I do have one question, and that is do you use the scroll saw for metal working?


----------



## 1Kenny (Oct 8, 2007)

Nice shop Tin.


----------



## Cedge (Oct 9, 2007)

Tin...
Nice digs there dude... I'm curious as to the power you have available to run the tools. Some look as if they are ... or were... 3 phase.  Did you convert the tools or perhaps add phase conversion?

Steve


----------



## Tin Falcon (Oct 9, 2007)

Guys thanks for the response. 

Wareagle: 
     yes the drawers are very handy IMHO it is almost impossible to have too many drawers in a workbench or shop. There is a story behind these benches . To make a long story short I got the ball bearing slide version for the sale price of the plain slides. my other work benches are home made deals made from salvaged dimensional lumber. 
 As far as the scroll saw it does not get a lot of metalworking use. I have used it for cutting 1/8 or so aluminum, on a little project to repair my grizzly digital calipers. It is a rebuilt Delta I picked up at a traveling tool sale for $30 or $40. The price was such that it did not make sense not to have it. I do most of my saw cutting of metal on the 9" Grizzly"woodworking" band saw in the lower/basement shop. 

Cedge:
      Everything in the shop runs off 110/115 house current. I have a single duplex 20 amp outlet behind the mill with a power strip plugged into it. the rest of the shop is on a second 15 amp circuit. The basement shop also has a dedicated 15 amp line on GFCI. The SB lathe and shaper both have fractional hp motors. The motor on the lathe is not original to the machine but was in it when I bought it.  The switch is set up for forward and reverse the lathe does not reverse. I do know that looking in a reprint of a IIRC1935 south bend catalog it advertises the machines as running off a "Lamp outlet" so lathes of this vintage were shipped originally with 110 motors mine may have been originally 3phase coming from a college lab not sure. I do have an unusual extension cord I found at home depot it is 12 ga 25 ft long and has an outlet about every 6 ft. comes in handy in the basement shop.
Tin


----------



## Tin Falcon (Aug 6, 2011)

well started out the day thinking I should get some painting done on the house. Well we head off to a local church yard sale . I find a good deal on a solid oak office desk. probably 60 plus years old. 
So spent a good part of the day rearranging and cleaning the shop to make room for a desk 34 deep x 60 long.  two small pieces of furniture taken out of the shop and another moved 10 inches north it is in. almost had to remove a door to make it it was that close. I christened the table saw by cutting a Masonite cover for the desk. 
I know should have taken photos. Still can when the decks are a little more clear. but I think things will be better I can now be close to the cnc machines and sill see the monitor. And I have a monitor arm that can bring the monitor more front and center if needed. 
Tin


----------



## kcmillin (Aug 6, 2011)

Nice Shop Tin! I like the shaper, and the seagulls in the windows makes me feel like I am at the beach :big: 

But the bench grinder right next to your mill makes me cringe ??? 

Kel


----------



## Troutsqueezer (Aug 7, 2011)

You're almost apologizing for that little mill, Tin. Don't be. It is a worthy addition to any shop. I'll bet you have a few mods done to it by now.

-Trout


----------



## Omnimill (Aug 7, 2011)

Looks like a nice shop Tin, I'm in the Garage ... :-[

Vic.


----------



## Tin Falcon (Aug 7, 2011)

Kel : The shaper is a cool machine. versatile , tooling is cheap and something very relaxing of the rhythm of it running. 
And yes the mill and the grinder have both been moves a couple times since that pic. 
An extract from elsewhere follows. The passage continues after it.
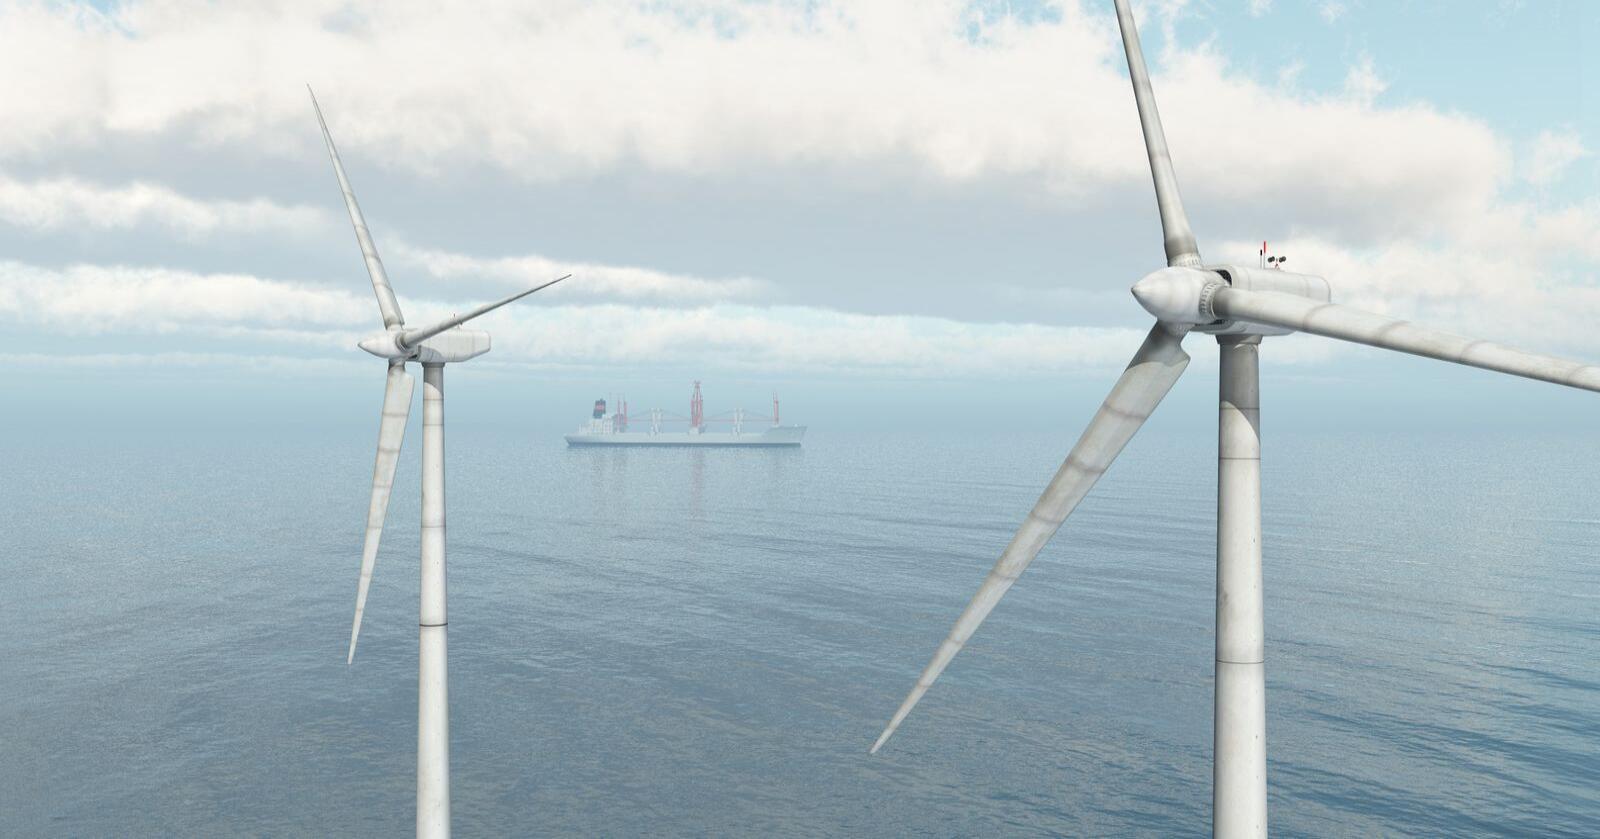 Eksportvare: Med havvindteknologi kan norsk leverandørindustri få en ny grønn eksportvare, skriver forfatterne av innlegget. Foto: Mostphotos

Trout: you are right the seig x -2 are nice little mills . easy to mod. Not too heavy to move from one end of the shop to the other by ones self. If by a few mods you mean almost complete tear down cleaning deburring the ways machining a new gib for y axis and changing to belt drive then converting to cnc yes did that. 
I guess I need to get more mill minded trout. I am a lathe guy at heart . yes I like all machine tools. 

Vic : yes advantages to an attached shop it is heated in the winter and by the graces of the she falcon cooled in the summer. 
We have two ac units in the house one in the master BR and the other in the shop. . The shop is near the kitchen and bathroom so have the other needs of live close at hand. 
There are also a few more tools in the Falcon Cave

Tin


----------



## Tin Falcon (Aug 9, 2011)

OK some promised Updated pics. 

Part of me wanted to wait to get things more organized. But I know it could be days or weeks before finding the roud "TUIT"
So here are some updates.
The mill was moved. It was in good place for the manual mill but not for cnc. Too far from computer desk and not enough room for the Z axis drive. The Travers tool chest in its place. Not a gershner but solid wood. I won this at a Cabin Fever event years ago donated by Travers Tools. 





 The grinder was moved off the bench the scroll saw into the basement,This was replaced by the layout area, sheet metal machine and works in progress tray on the bench. 






And last but not least the new CNC work area. a rubber coated sealed keypad for easy cleanup . I still need to rearrange the computer but I think this will be much better. 






Edges of the new old desk can be seen
Tin


----------